Input data
[Start of Attachment]
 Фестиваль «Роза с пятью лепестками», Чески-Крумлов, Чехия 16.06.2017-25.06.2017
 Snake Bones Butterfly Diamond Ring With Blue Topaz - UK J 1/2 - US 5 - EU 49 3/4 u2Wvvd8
[End of Attachment]
[Start of Attachment]
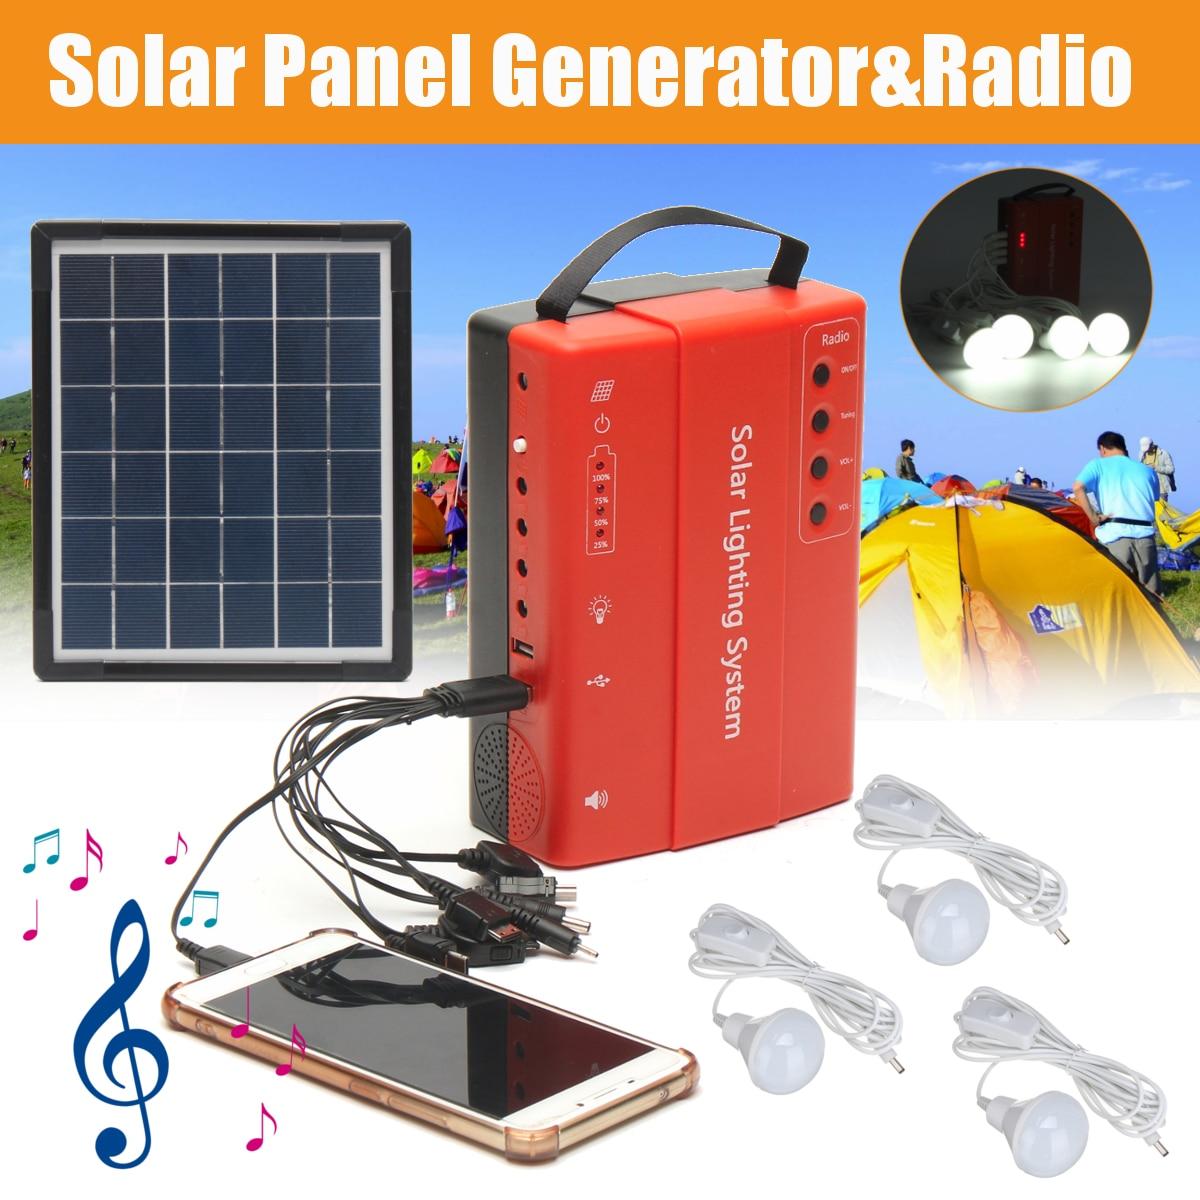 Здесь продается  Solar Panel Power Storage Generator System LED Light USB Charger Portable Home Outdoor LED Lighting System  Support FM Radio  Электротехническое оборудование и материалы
[End of Attachment]
[Start of Attachment]
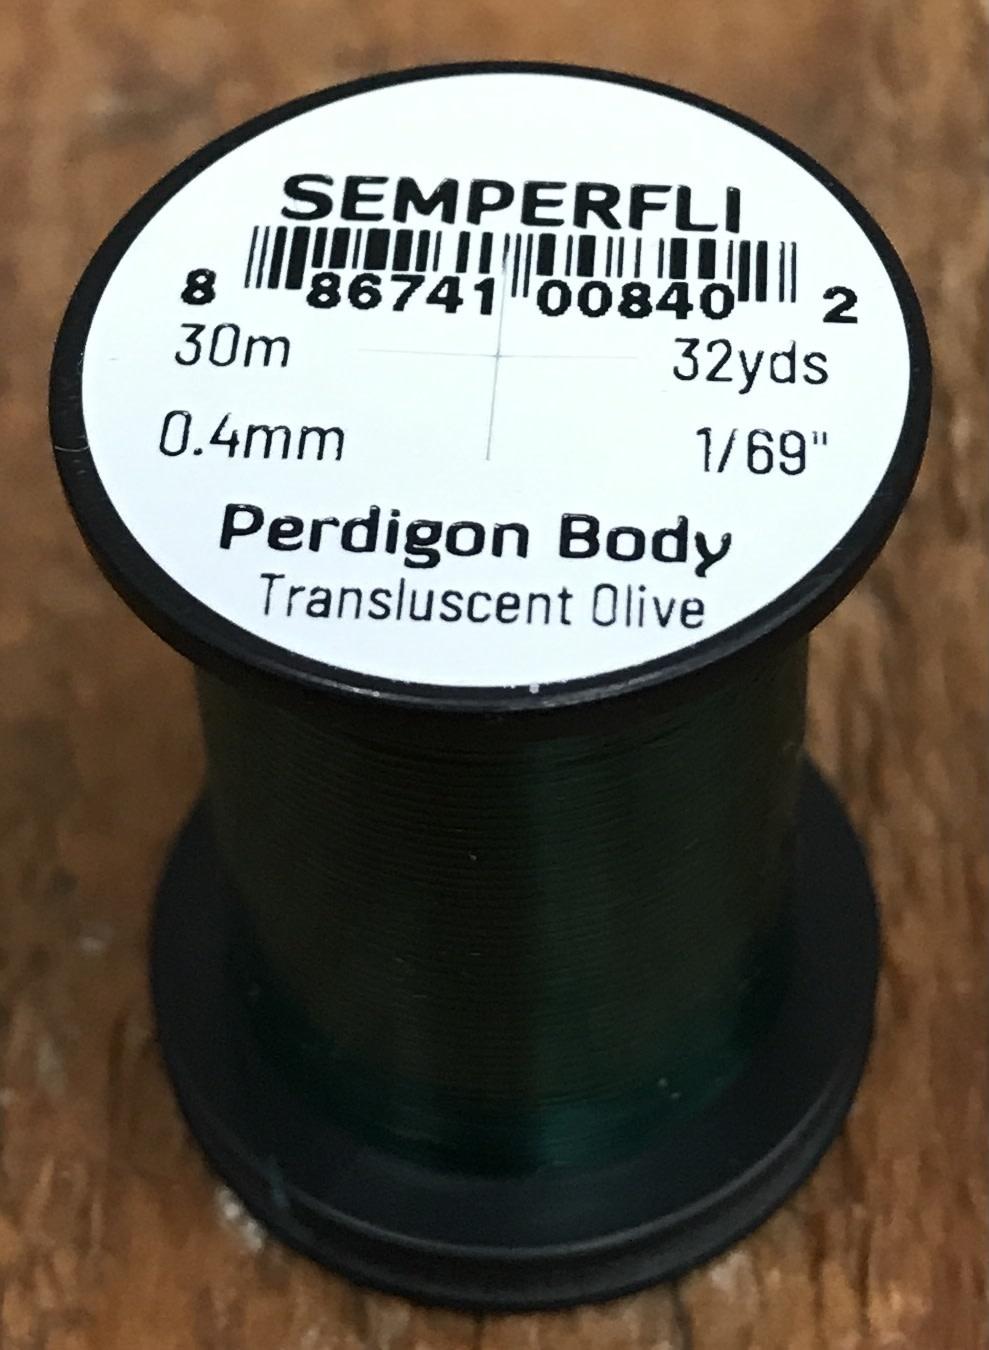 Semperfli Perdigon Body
[End of Attachment]
Exercise
Everything above from the line containing "Чески-Крумлов, Чехия 16.06.2017-25.06.2017" down to the line containing "Snake Bones Butterfly" should be copied exactly, both end lines included, and nothing else.

Reply to the task
 Фестиваль «Роза с пятью лепестками», Чески-Крумлов, Чехия 16.06.2017-25.06.2017
 Snake Bones Butterfly Diamond Ring With Blue Topaz - UK J 1/2 - US 5 - EU 49 3/4 u2Wvvd8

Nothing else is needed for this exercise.